# 5 month not happy to go for walks / not liking strange people



## Michael Reit (Mar 14, 2017)

Hi all!

We've had our little Maggie for two months, she's 5 months old now. All is well, she's growing like crazy and she's a super sweetheart. 

She's got two odd things which I'm curious as to your experiences. 

One, she doesn't always seem up for walks. In the morning she's always happy to go for a long walk, but during the day she'd rather chill inside. She'll make a rush for her crate when we ask her to go for a walk or when we come in with the leash. Now, I don't mind that she chills out, but sometimes I simply know she'll need to go for a potty walk. So, I try to lure her to the hallway and then I'll click the leash. She'll then either come with me and go for a quick pee outside and then make a dash to go back inside, or I'll need to carry her outside (we've had a number of 'accidents' in our appartment hallway which I'd rather avoid). I try to force her to go for a quick walk around the block, with mixed success. 

Is this a phase? She hasn't had any negative experiences outside and as soon as we're in the park she'll be a happy camper, running around and playing with other dogs.

Second thing; meeting other people. As every V, she's a stunner to look at. People naturally want to pet her, but she won't have it. It's not that she seems scared, she won't growl, but she just backs away when people reach out to her. It's taken her quite a while to warm to friends who come around a lot. Is this normal? She has no issues with dogs, she'll play with every dog who wants to when she's off leash in our park.
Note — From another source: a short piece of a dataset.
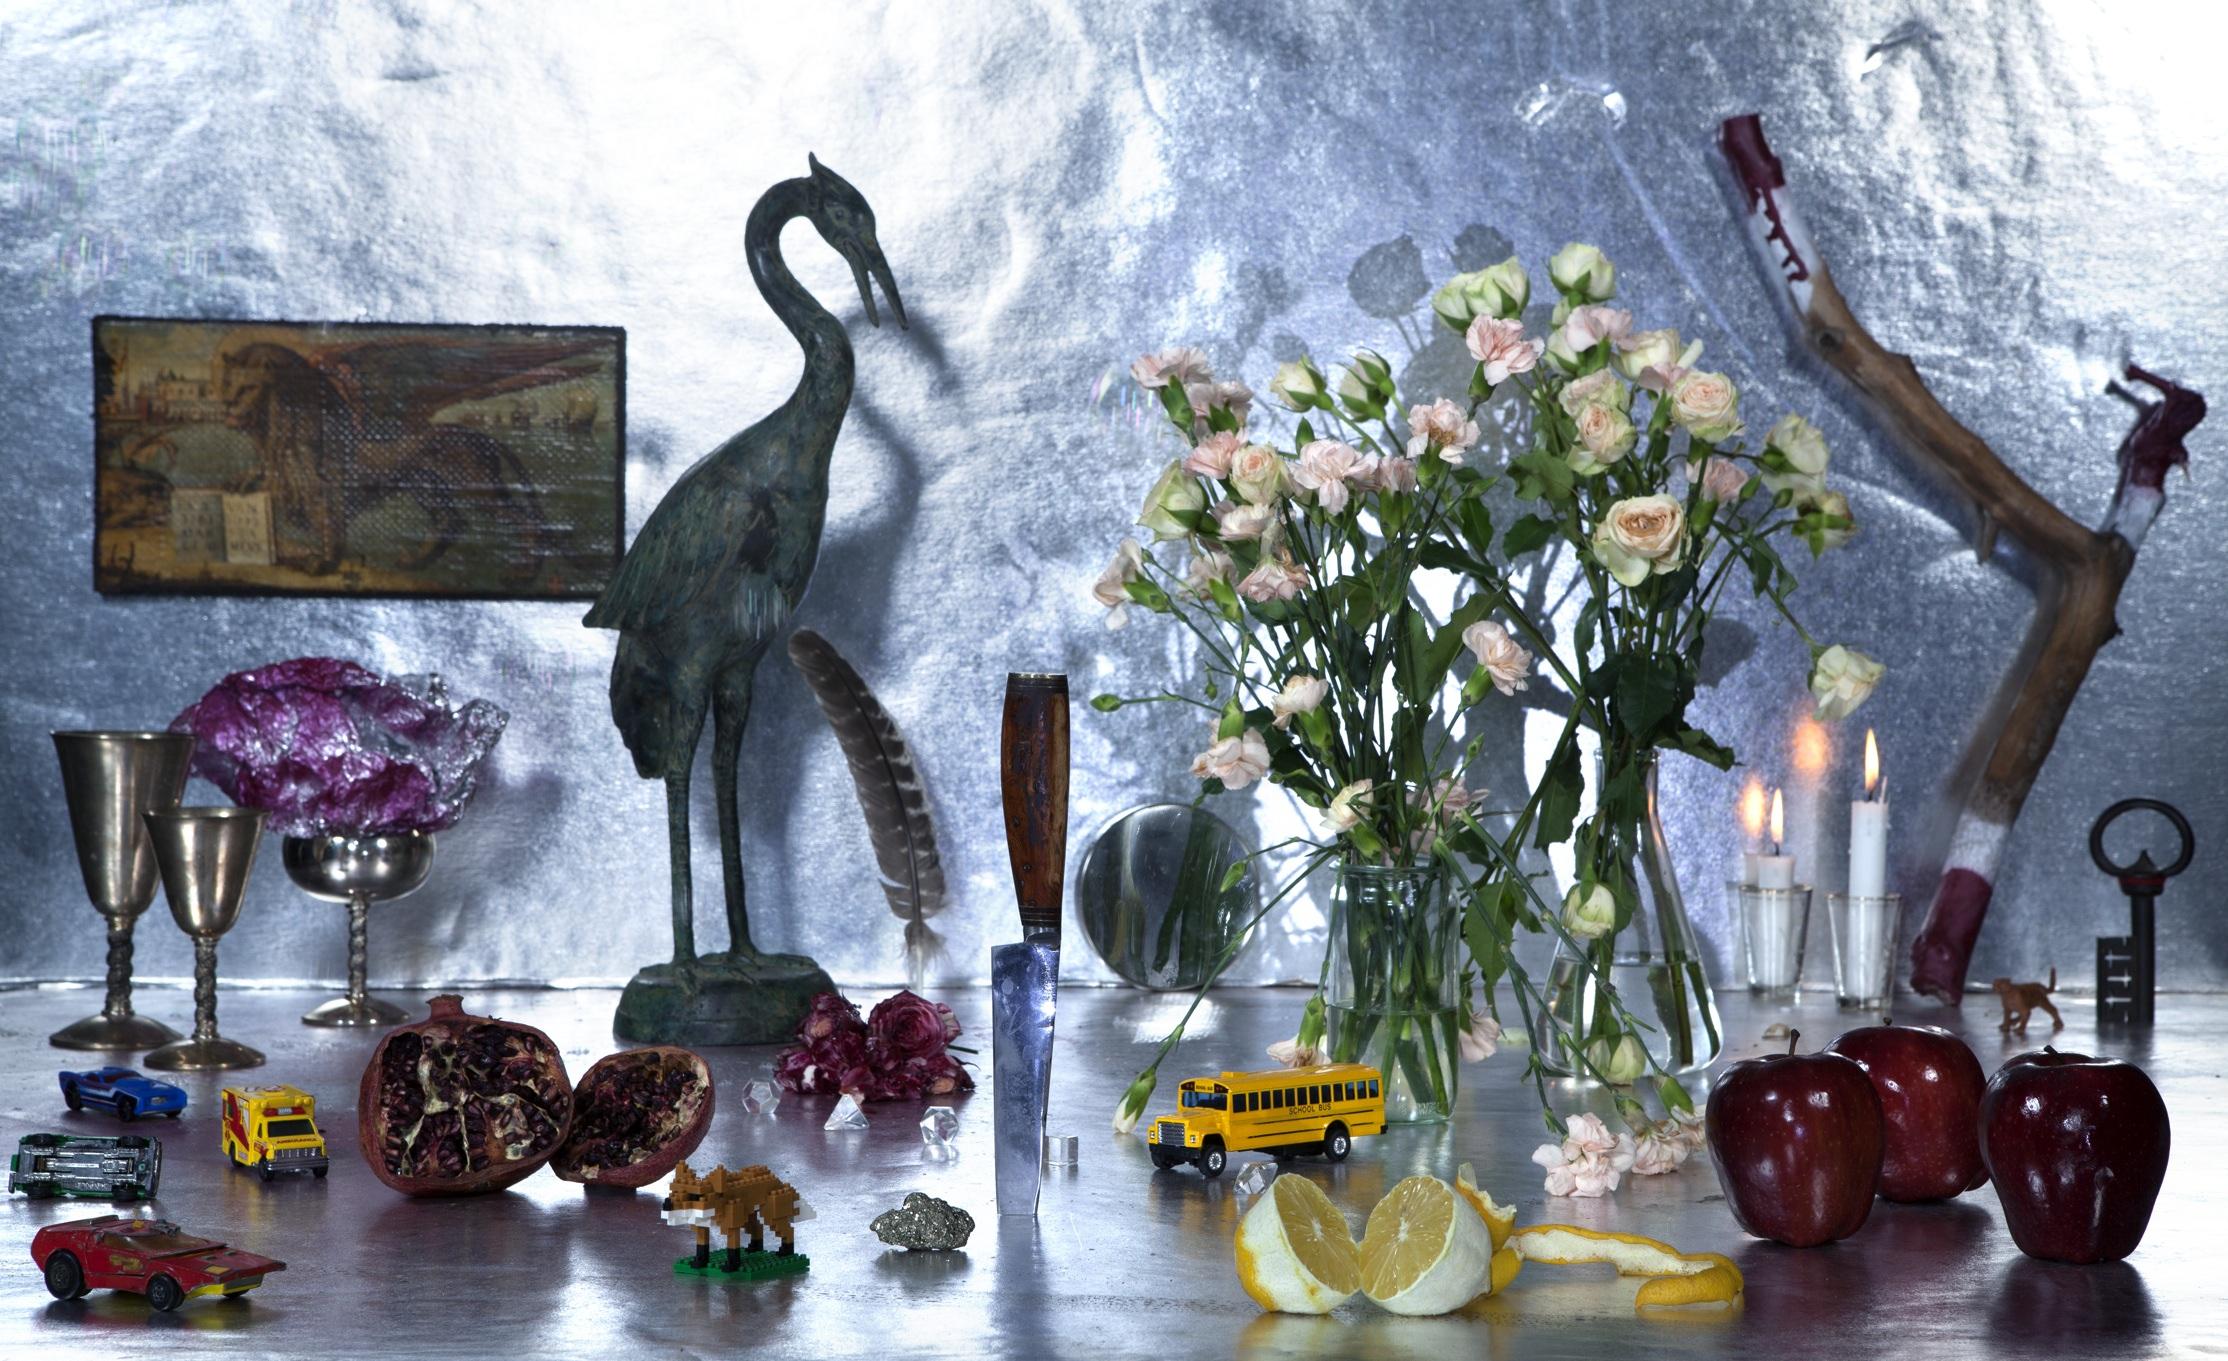 The Exit Fairytale of Suicide - videoart fineart Annina Roescheisen_8

Funny thing is that she doesn't mind going to bars, restaurants or rides on public transport; she just doesn't like people petting her.

Thanks in advance!


----------



## Anida (Jun 10, 2016)

Our Kaylee doesn't like random people petting her either and she isn't overly fond of her head being petted unless she's completely tired and snuggled up with us. I have found she does better with introductions off leash rather than on leash. I don't have any suggestions for improving it. Kaylee does respond better if I tell her it's ok. I'm not sure why she is so wary of new people.


----------



## Momo_Mia (Feb 10, 2017)

Same thing with people over here! Momo is 10 month old male, and since we got him he's never been interested in strange people. He's friendly with aprox. 5 of our closest friends, in a way that he will come to them first and will want to be pet, but for all other common and strange people, he will just go around them and continue. Doesn't show that he is scared of them, just not interested in having anything with them. Yes. Pretty awkward, since EVERYBODY wants to pet him "'cause he's so beautiful! 
Also, dogs/cats - loves them, has a hughe interest for them. So, the same thing.
Walks - didn't had this situation, he's up for it anytime


----------



## texasred (Jan 29, 2012)

I would be tempted to put a vest on dog.
Something that reads like In Training, Do Not Pet. Or do not approach. 
That way the young dog doesn't have to worry about everyone coming up to them.


----------



## riley455 (Aug 27, 2011)

Michael Reit said:


> Hi all!
> 
> We've had our little Maggie for two months, she's 5 months old now. All is well, she's growing like crazy and she's a super sweetheart.
> 
> ...


I recommend the following:

1.	Mid day walk (depending on weather and hopefully no too hot) Bring her outside on a leash and lure her to walk with high value treats (sausage/chicken). Get her attention to focus on you by using word/s such as “here” or “watch me”, reward and treat whenever she focuses on you. You may have to tug a few times if hard at getting her attention back to you. Note that rewarding or paying should be immediate when desired behavior is exhibited otherwise she won’t associate good behavior with reward. Also you can use high pitched voice to get your dog happy and get a positive experience. May have to do this 2 to 3 times a day and perhaps 5 to 10 minutes per session. At this time no introduction to any living or non living things. Goal is to get her to walk confidently with positive experience
2.	Meeting other people – It is okay not to have a super friendly (jumping or supper wiggly) but dogs should not be backing away from people. Most dogs with this type of behavior if not addressed will develop fear of people (adults and kids) and exacerbate into other issues (barking, resource/owner guarding,etc.). Once your dog is walking confidently (see item 1 above) you may start introducing her to people you meet on your walks. Make sure you have treats handy and give them to people (adults and kids) to give to your dog. If possible have them stoop down (most dog owners understand and automatically do this) so as not to appear menacing. Bring your dog to pet friendly establishments/stores to meet more people (and more people and other pets the better). Do obedience training or advanced obedience if you’ve done the basic/beginner course. Also look into agility and hunting, these activities help build confidence and hopefully translate into stable and even tempered dogs.


----------